I read Different a few years ago and highly recommend it. I thought about our business and how we are different from “wirehouse brokers” (i.e. large firms), and I made this list:
- We have no idea what the Dow did today, nor do we think it is important.
- We are bad at sales and good at expertise.
- We don’t have any proprietary products, principal transactions, commissions, sales contests, etc.
- We will give tax advice.
- We don’t call clients for permission to make a change in their accounts just to avoid fiduciary liability.
- We know what we don’t know – as far as I know. 🙂
- We don’t segment clients into gold, silver, lead categories and give different levels of service accordingly. Every client we accept is a platinum client.

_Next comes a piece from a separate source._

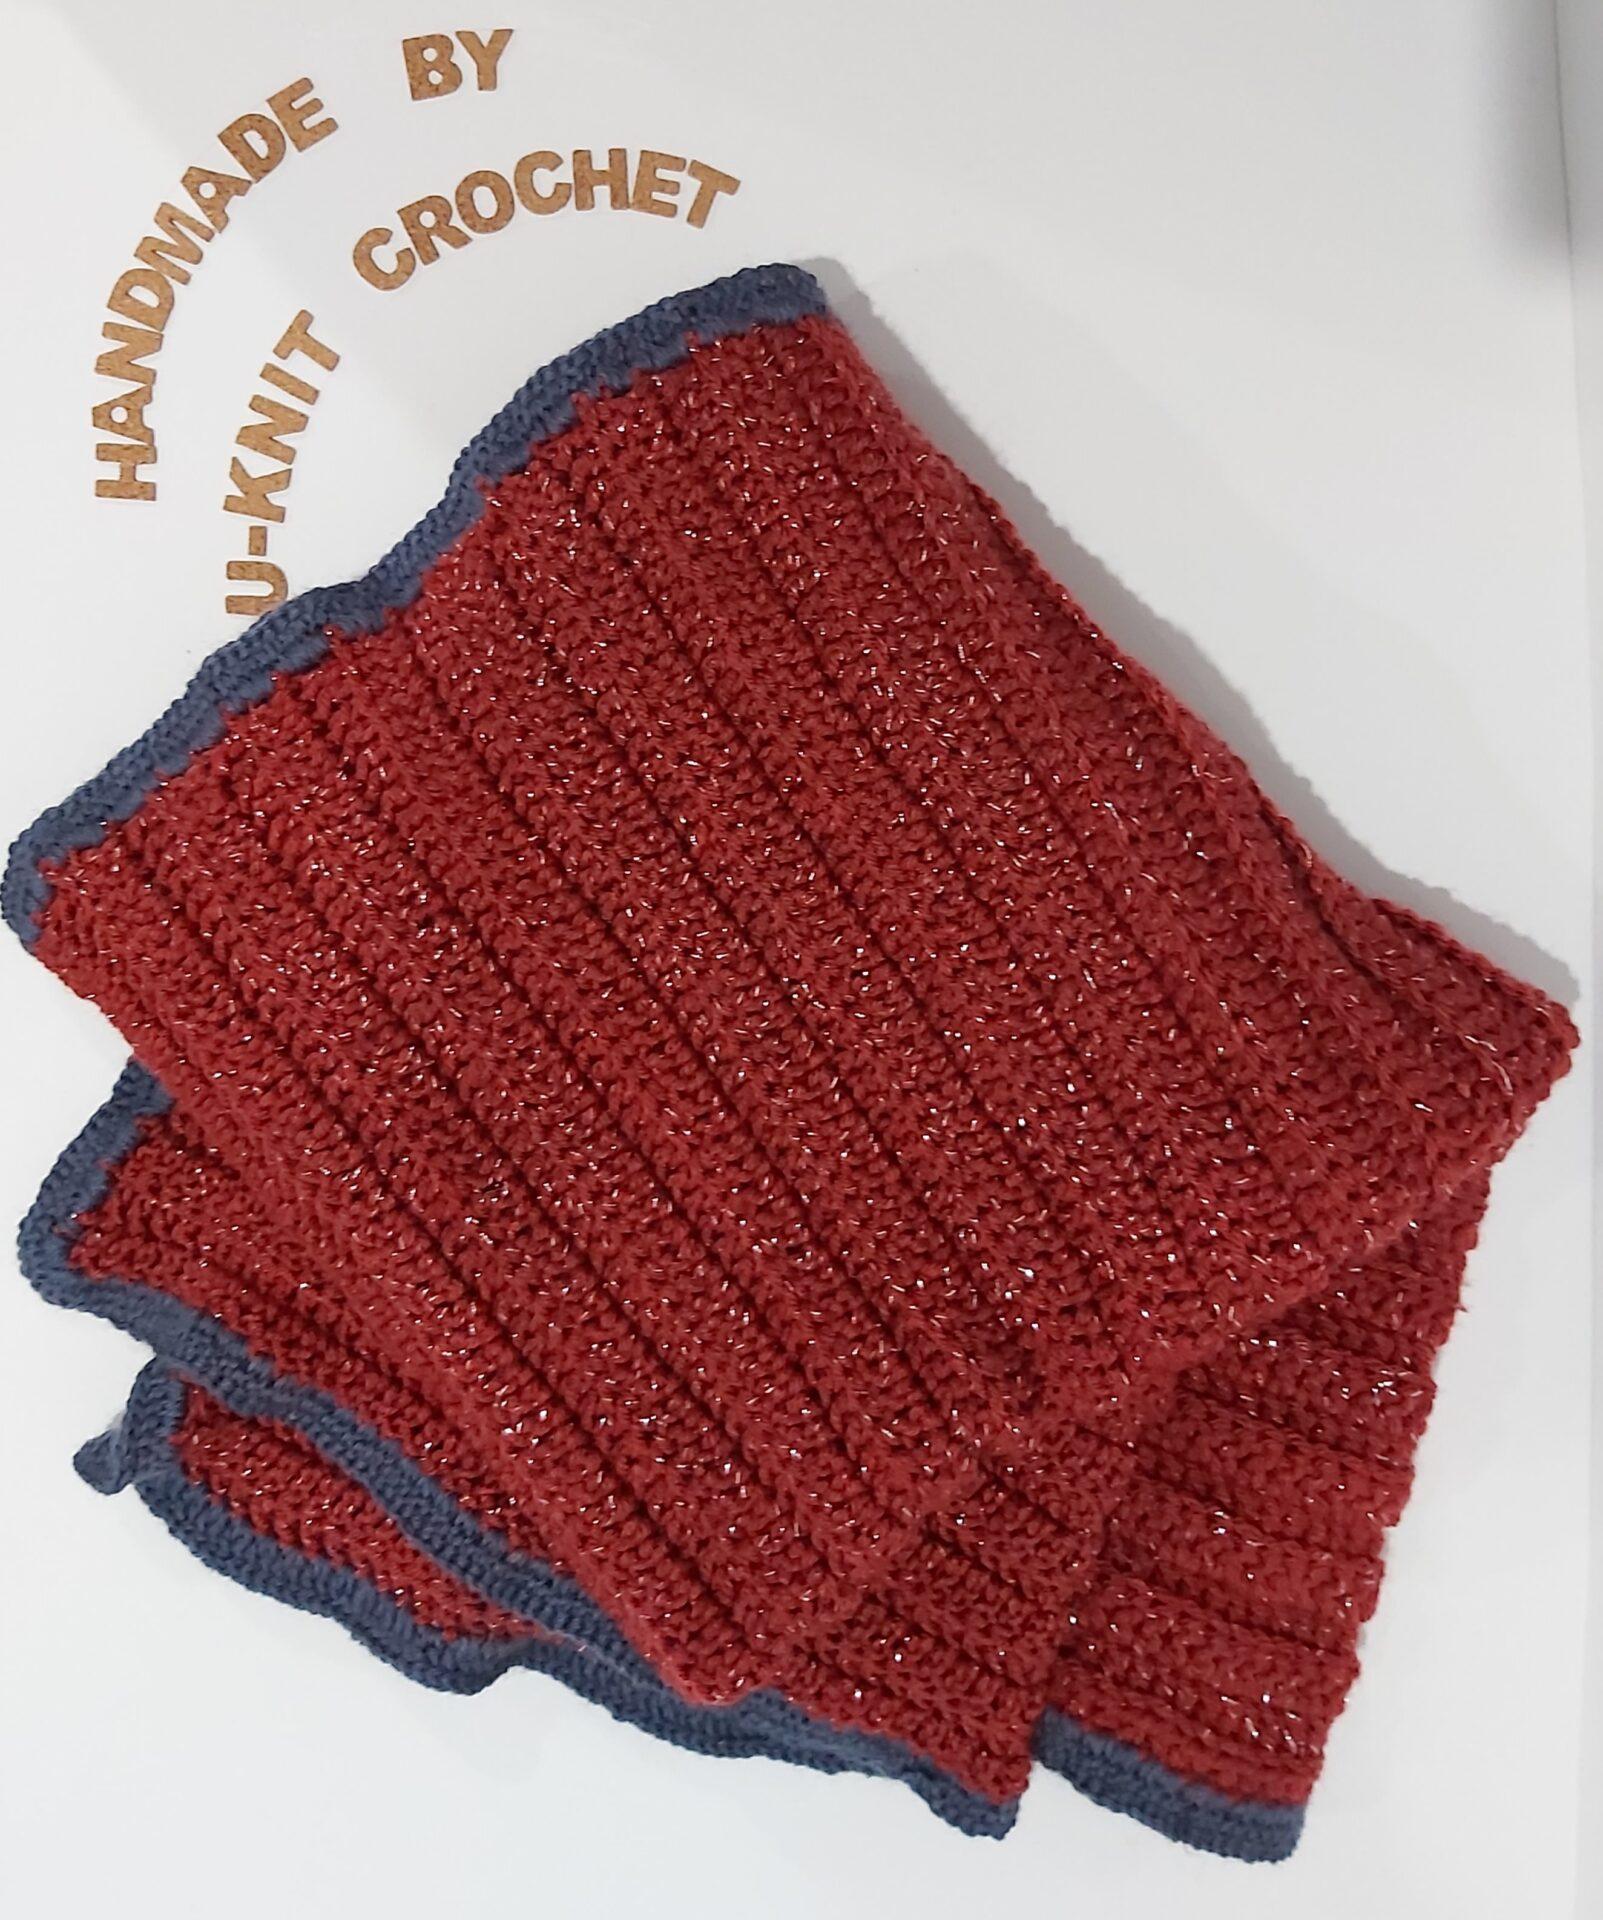 Coral Lap Blanket Handmade By U-Knit Crochet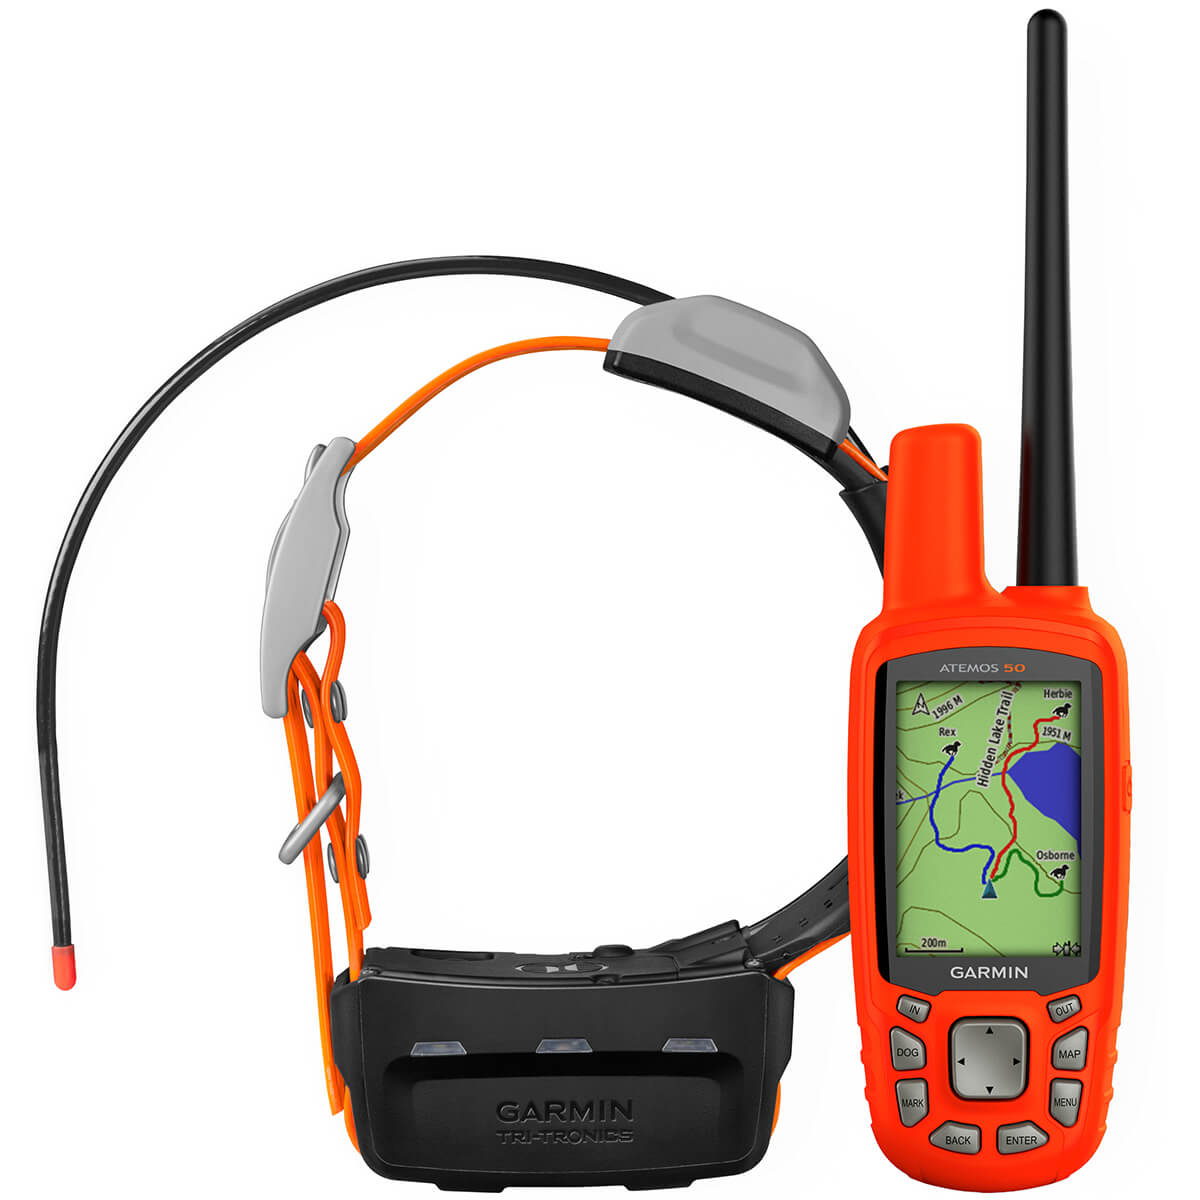 Garmin GPS-Ortungsgerät Atemos 50+ K5 Bundle - Hundeortung

- We don’t “cross sell” mortgages, insurance, etc.
- We won’t sell clients what they want if we don’t think it is prudent.
- We aren’t pushing the “hot” product just because it has a great story (IPOs, growth stocks, commodities, gold, hedge funds, other alternative investments).
- We won’t let clients draw too much from their portfolios even though it will make them happy now (because they will be unhappy decades from now).
- We want to know the client’s entire financial situation and won’t take them as a client otherwise.
- We won’t buy and sell in client portfolios just to look like we are doing something.
- We won’t provide clients our quarterly performance compared to a benchmark – it isn’t relevant.
- We are expensive for small clients and cheap for large ones.
- We frequently aren’t in the office, and when we are we aren’t watching CNBC or quote screens.
- We make our own decisions.
- We don’t have Class A office space (or expenses).
- We ignore “hot” managers and great track records.
- We don’t sell individual securities.
- We pay attention to taxes and costs.
- We won’t be going golfing with clients (but lunch is great!)
- We have clients all over the country rather than just near our office.